= What you will do =
In the listing below, start your output at the line with "The 2022 Annual" and end it after the line with "Oct. 10, 1959", copying every line exactly.

= Extracted records =
^^^^^^^^^^^^^^^^
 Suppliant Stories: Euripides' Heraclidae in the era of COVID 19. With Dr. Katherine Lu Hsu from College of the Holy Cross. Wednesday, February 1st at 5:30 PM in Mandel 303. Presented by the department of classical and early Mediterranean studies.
^^^^^^^^^^^^^^^^
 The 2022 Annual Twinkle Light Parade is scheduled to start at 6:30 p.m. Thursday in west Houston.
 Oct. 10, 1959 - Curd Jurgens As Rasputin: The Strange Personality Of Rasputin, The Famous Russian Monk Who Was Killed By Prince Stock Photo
^^^^^^^^^^^^^^^^
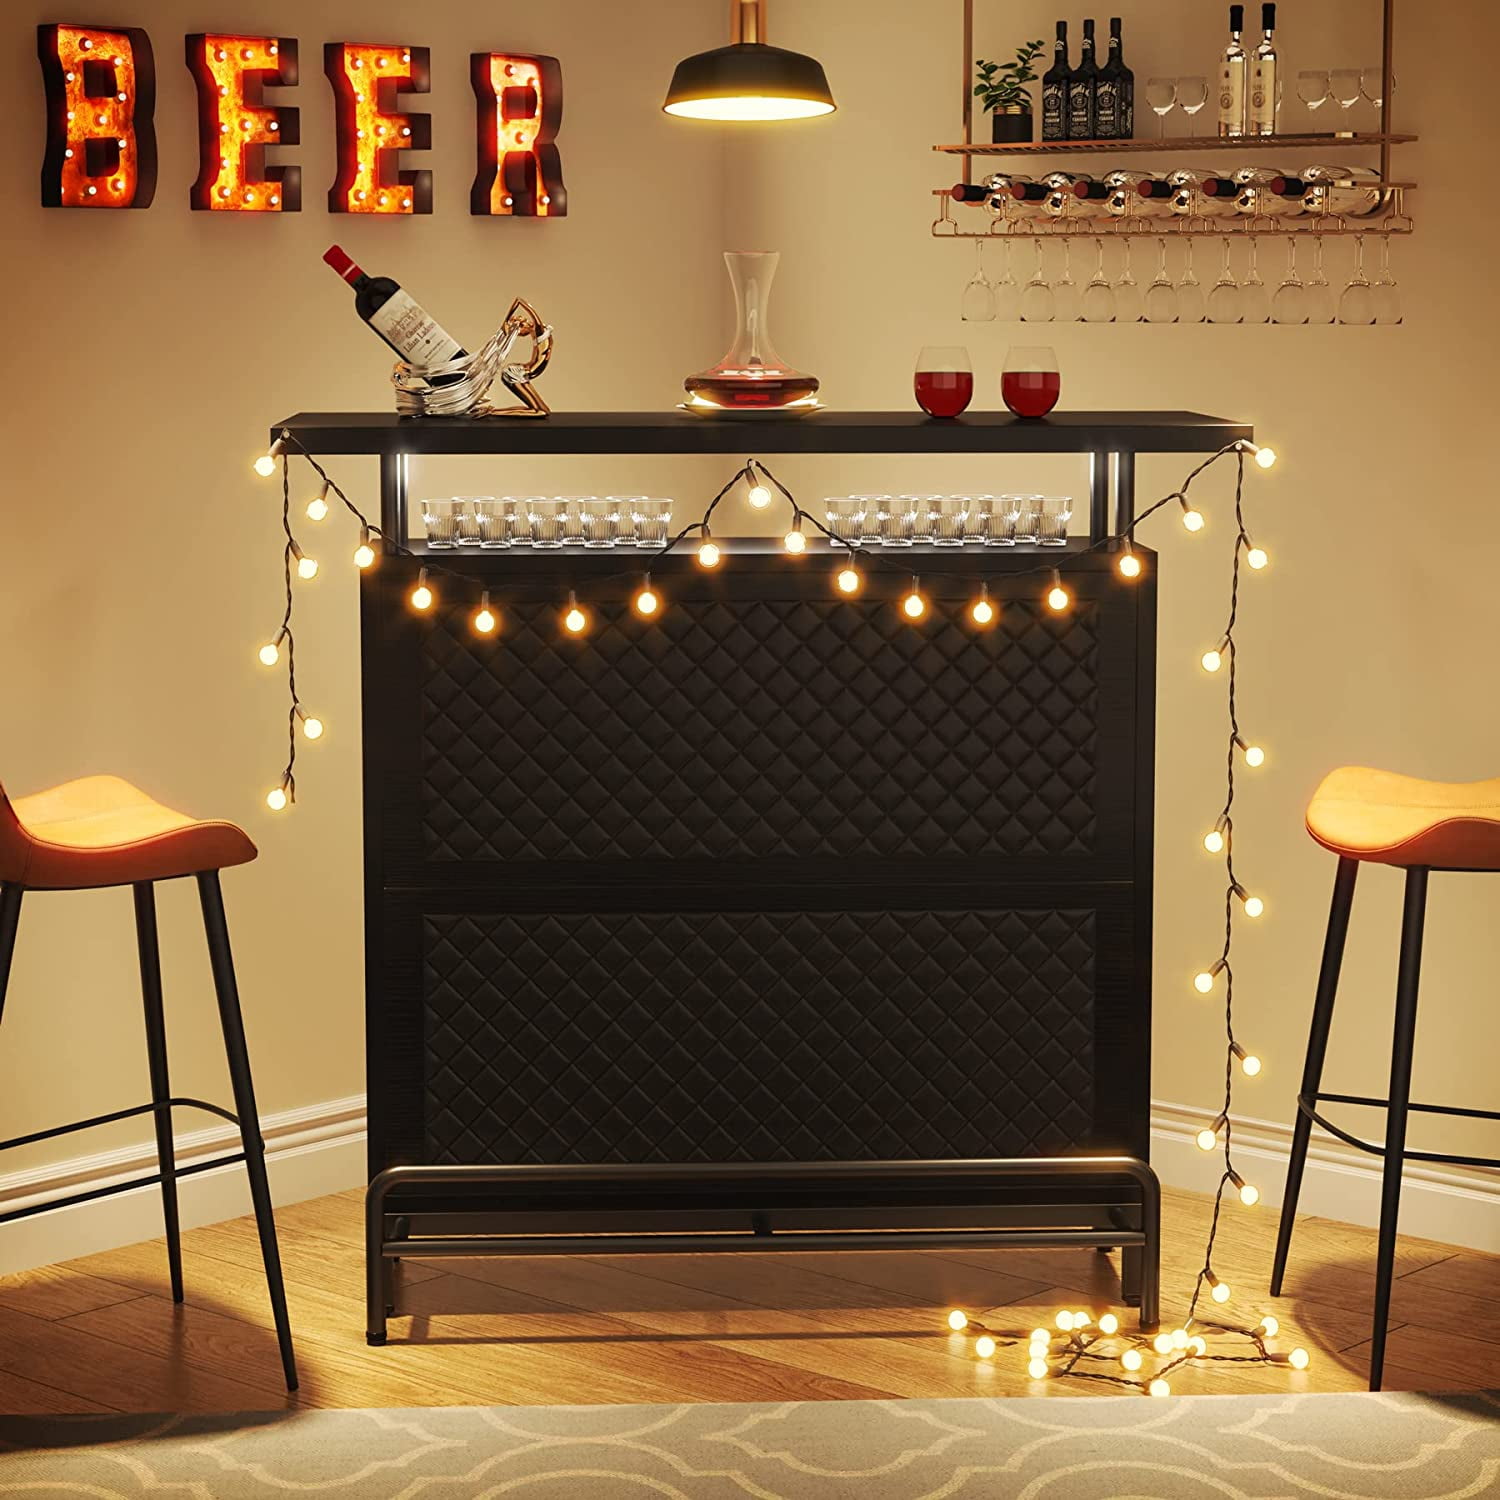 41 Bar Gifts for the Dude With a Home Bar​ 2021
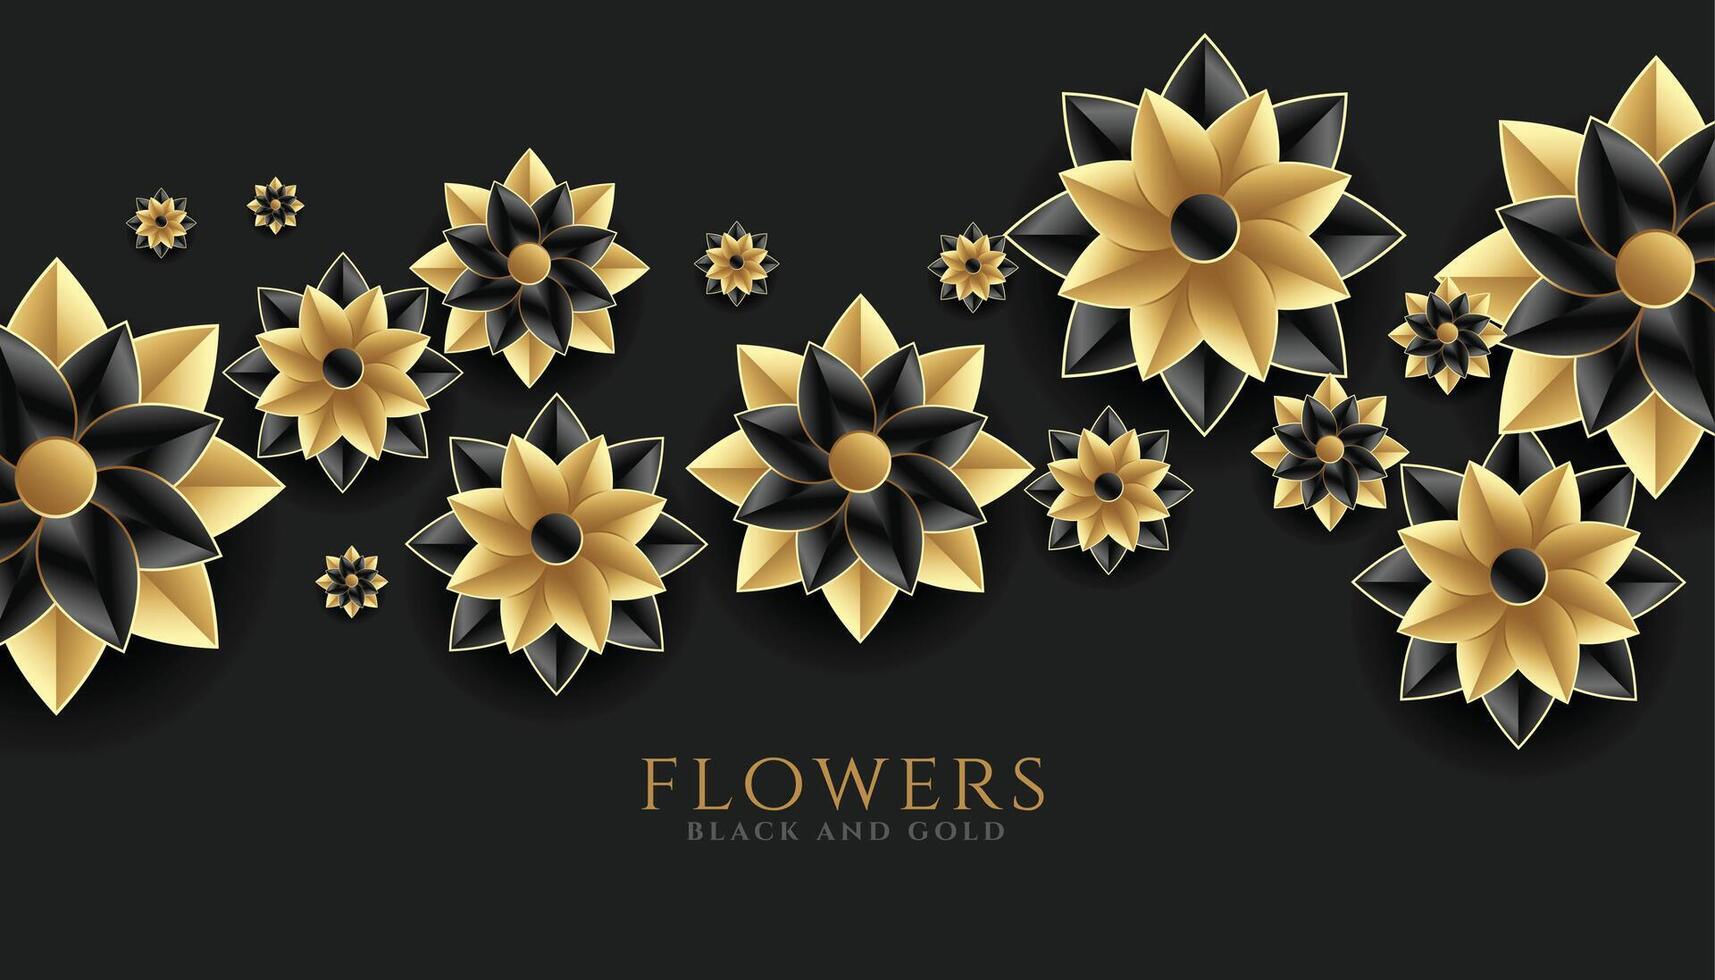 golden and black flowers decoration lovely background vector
^^^^^^^^^^^^^^^^
= Problem solution =
 The 2022 Annual Twinkle Light Parade is scheduled to start at 6:30 p.m. Thursday in west Houston.
 Oct. 10, 1959 - Curd Jurgens As Rasputin: The Strange Personality Of Rasputin, The Famous Russian Monk Who Was Killed By Prince Stock Photo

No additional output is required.